Whether they’re inputs, intermediate or outputs, in our local jargon we call all of these datasets a ‘forecast’, with each observation in a forecast a ‘forecast point’.

All observations, of all forecasts, are stored in a single forecast point table, which has fixed columns: a forecast ID variable; ‘rank’ which refers to a forecast scenario, such as baseline, or high growth; and a datetime stamp. The remaining columns are 'flexible', in the sense that they refer to different dimensions depending on the forecast. They are: the geographical dimensions (for airports, countries, cities); the sub-dimensions (for age group, aircraft type, international or domestic etc); and, finally, the value. So there are multiple attributes which serve as a key, and a single value. We put in 3 geographical columns and 2 sub-dimension columns at the design stage, and it’s been enough. Some forecasts use all 5, some just a single dimension.

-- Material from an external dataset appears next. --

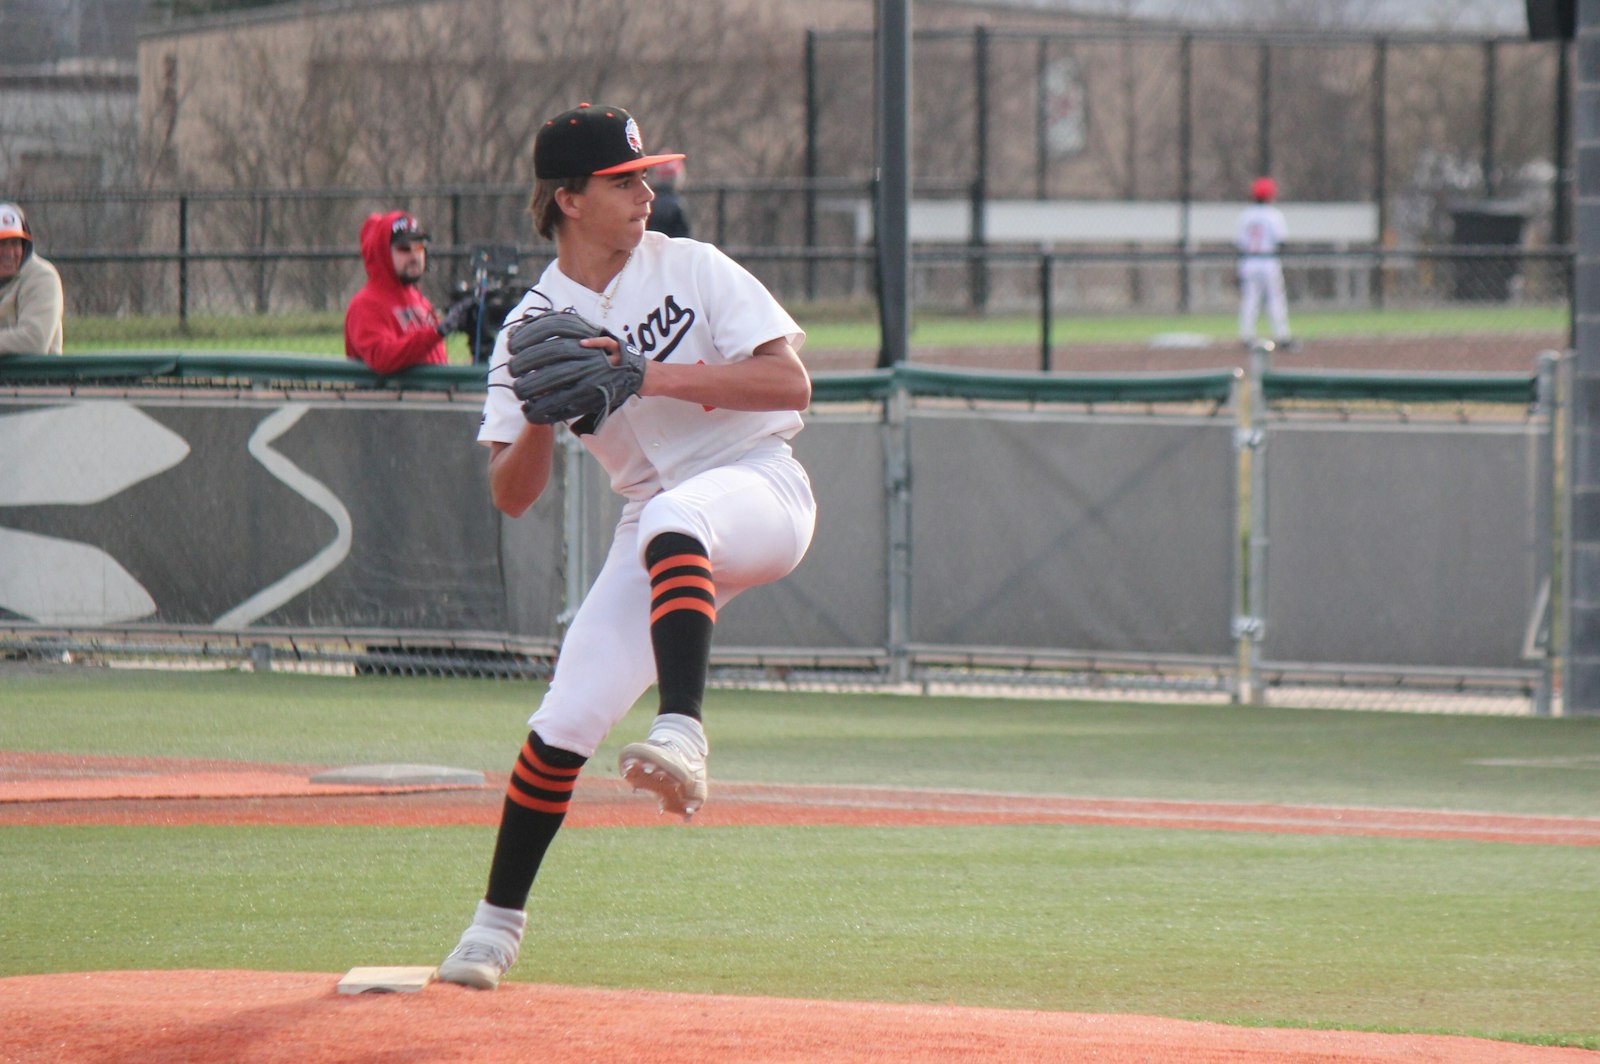 Freshman Aiden Pack got the win in a relief role against Detroit Western April 1. He struck out the side in the sixth inning.

So it’s 'schemaless' in the sense that it has flexible columns. The data types are fixed, dimensions always integer, value being real, but the column name doesn’t tell you what is really stored in there, and the value can be a flight count in one row and a percentage growth, distance, time or something else in the next. Here I'm using 'flexible', because the usage doesn't seem to match up exactly with Martin's use of either 'custom' or 'non-uniform'; maybe closer to non-uniform.

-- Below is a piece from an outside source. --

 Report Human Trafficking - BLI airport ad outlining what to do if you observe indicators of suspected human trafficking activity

To manage this welcoming mess of data, we also have what Martin refers to as an ‘attribute table’ (slide 8), which for us is the ‘forecast’ table. It determines what the columns mean in a particular case, and how many are used of the 3 and 2 that are available. The partial schema ;-) below shows these relationships. The attribute table also gives the units that apply to the value column (flights, index (year x = 100), percentage, etc), and most importantly the ‘method’ which determines what type of forecast this ID refers to in the forecast point table (examples in the bulleted list above).

(extract)

To give a specific example, the 20-year forecast involves 30 intermediate or output forecasts, as shown below. We keep the inputs separately; there's another 38 of those. The forecasts shown vary from 300 rows to 40 million; from one geo dimension used up to all 5. In fact, we cheat, and 634 is not a geographic dimension even if it's in the geo3 column. The joy of schemaless here is, if it fits, it works.

How?

The main condition, necessary for this to work, is that the key attributes in the forecast point table - rank, geoN, subM, datetime - are each of the same type, regardless of the forecast method, or of what they really represent.

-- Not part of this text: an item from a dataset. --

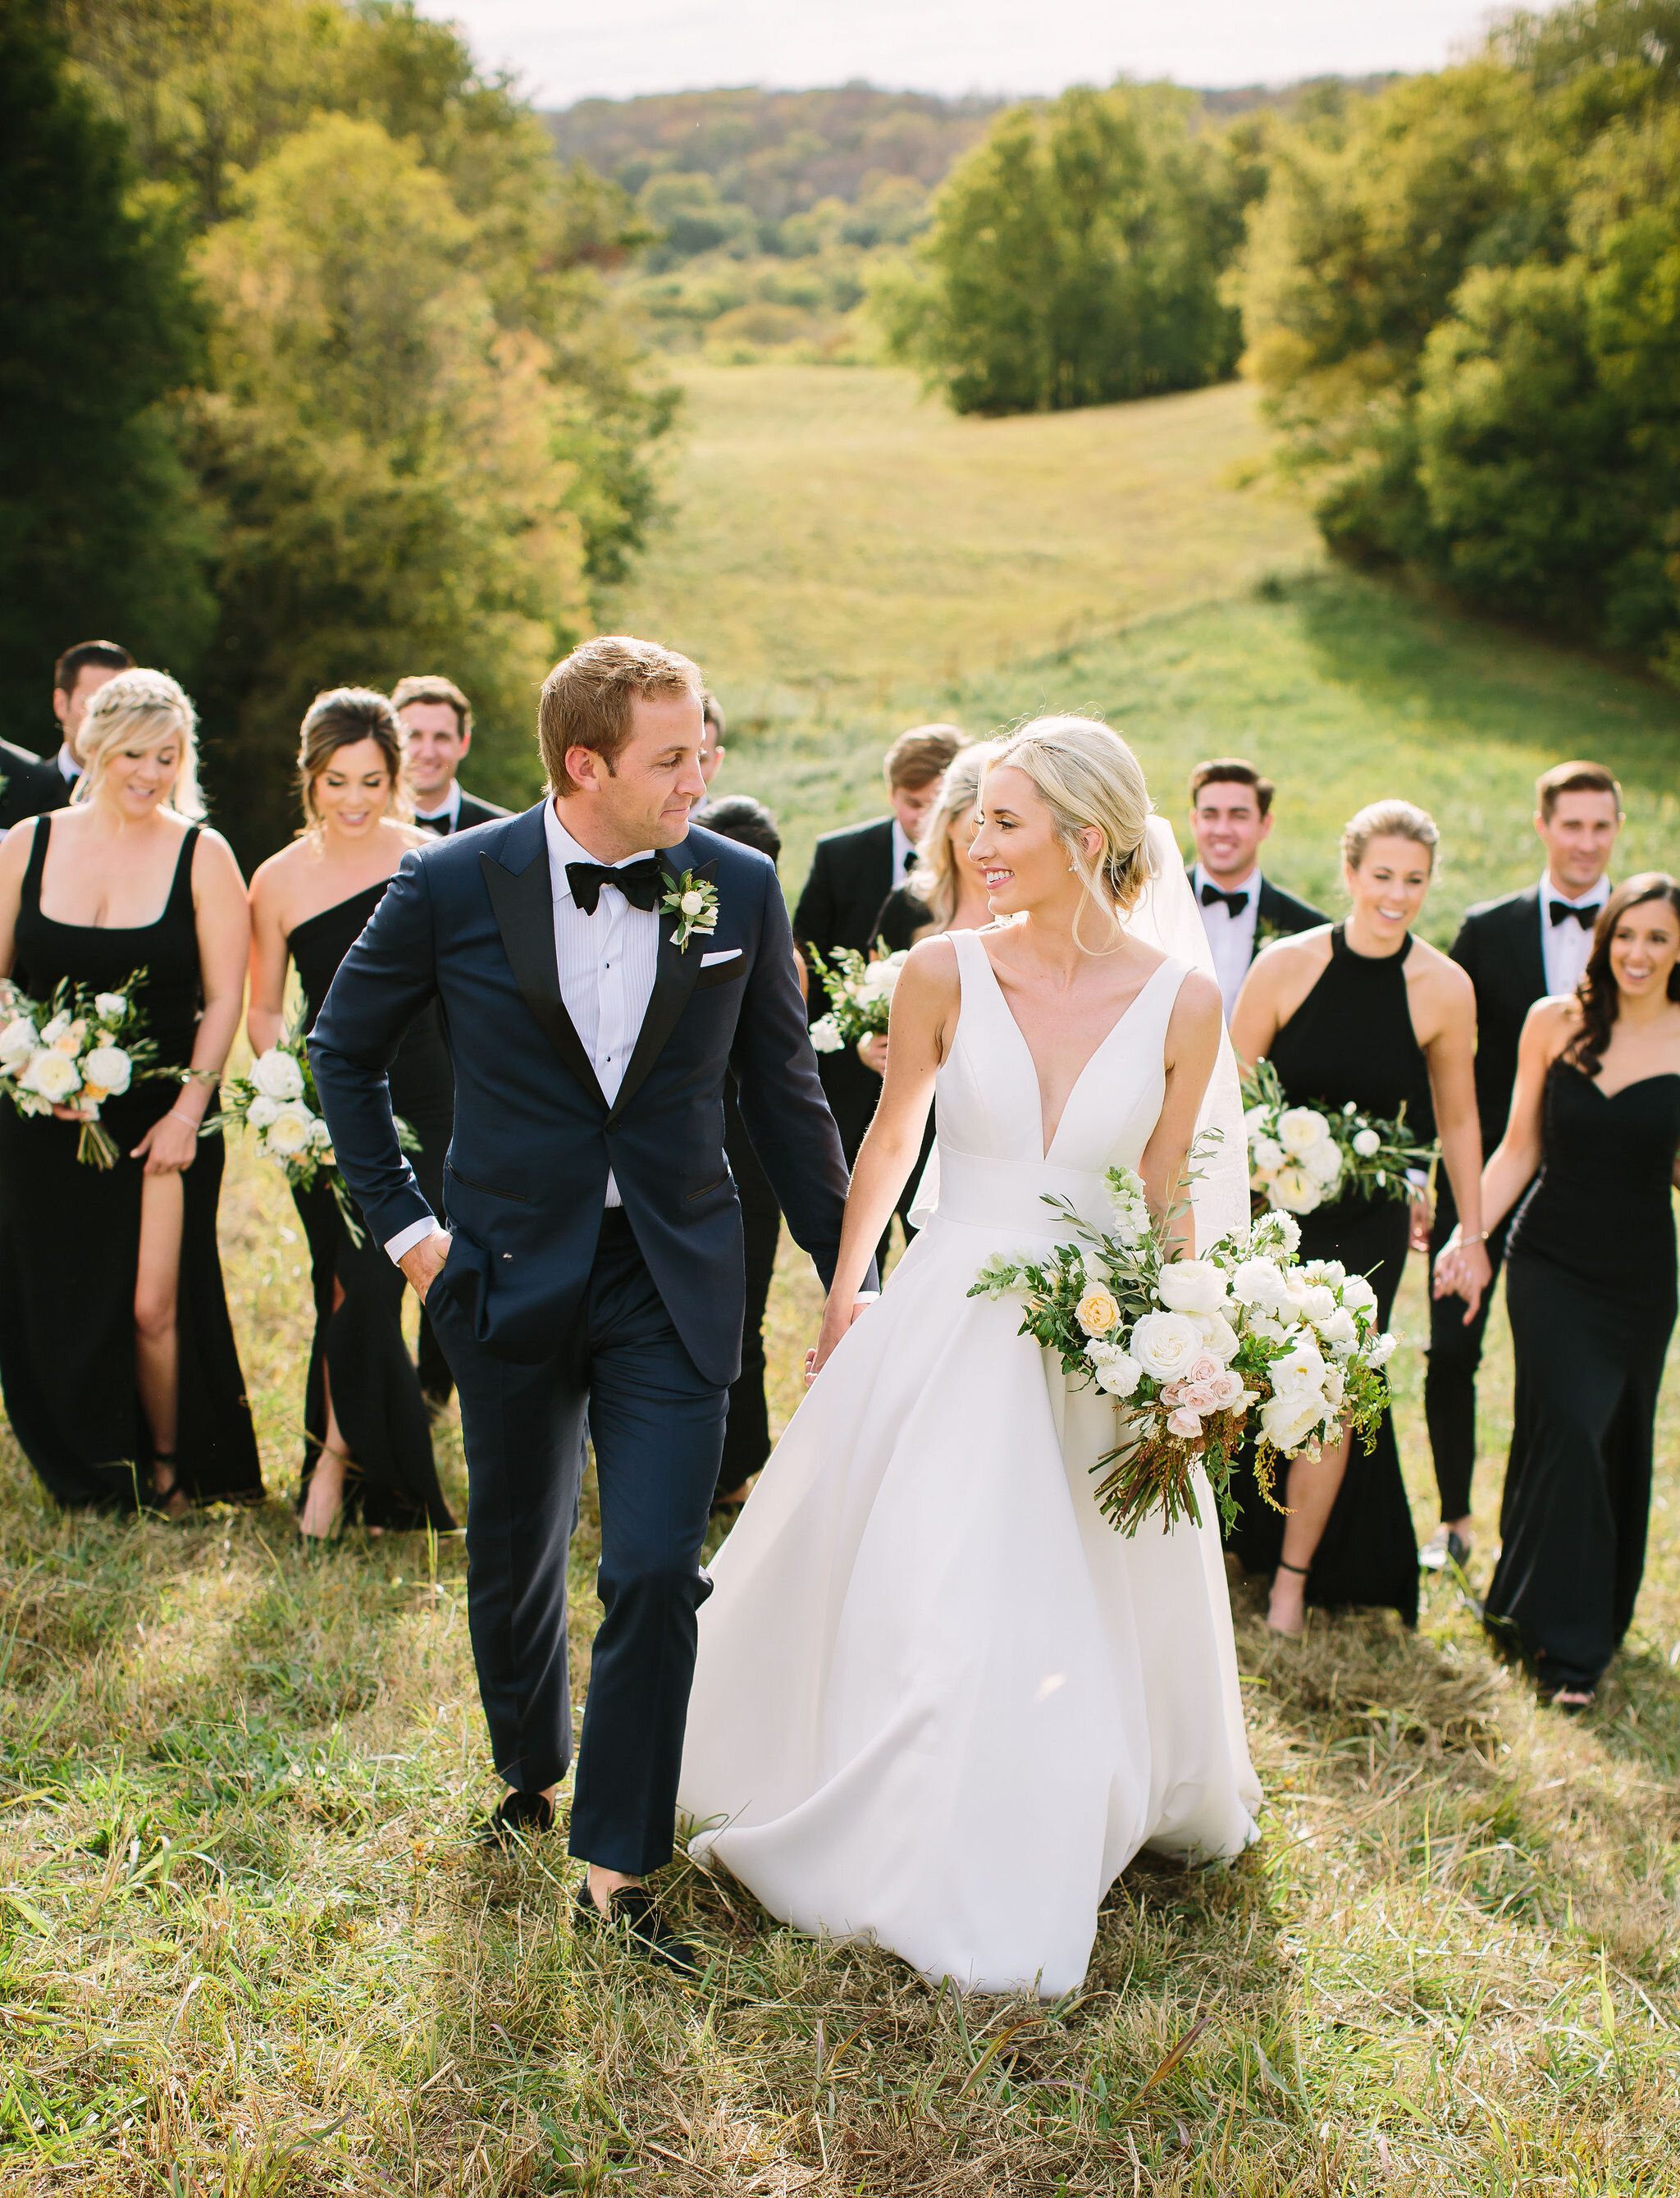 Tennessee countryside October wedding at Bloomsberry Farm with all white and greenery floral design. Nashville wedding florist.

Even to achieve this for something like ‘country’, say, requires some discipline: the raw data have half a dozen different codes and spellings for each country: is that Bosnia-Herzegovina, BOSNIA-HERZEGOVINA, Bosnia-Hercegovina, Bosnia & Herzegovina, BiH, BA or LQ? And they’ve changed over the years, as data suppliers change their minds. We learned the hard way, from a previous implementation that trying to use a 'meaningful' text name is a nightmare, and switched to use a 'business key', an integer not a text name, shortly before we went schemaless.

This goes beyond a ‘factor’ as R would have it, where strings are captured as integers and the values as ‘levels'. It is helped by SAS’s support for user-defined formats. So we have a format ‘FIDTZs', if you want to show or view the integer as a short name, without changing the data, ‘FIDTZl’ for a longer version. (These formats apply to the country, or 'traffic zone' TZ, dimension. Others are defined for other dimensions.)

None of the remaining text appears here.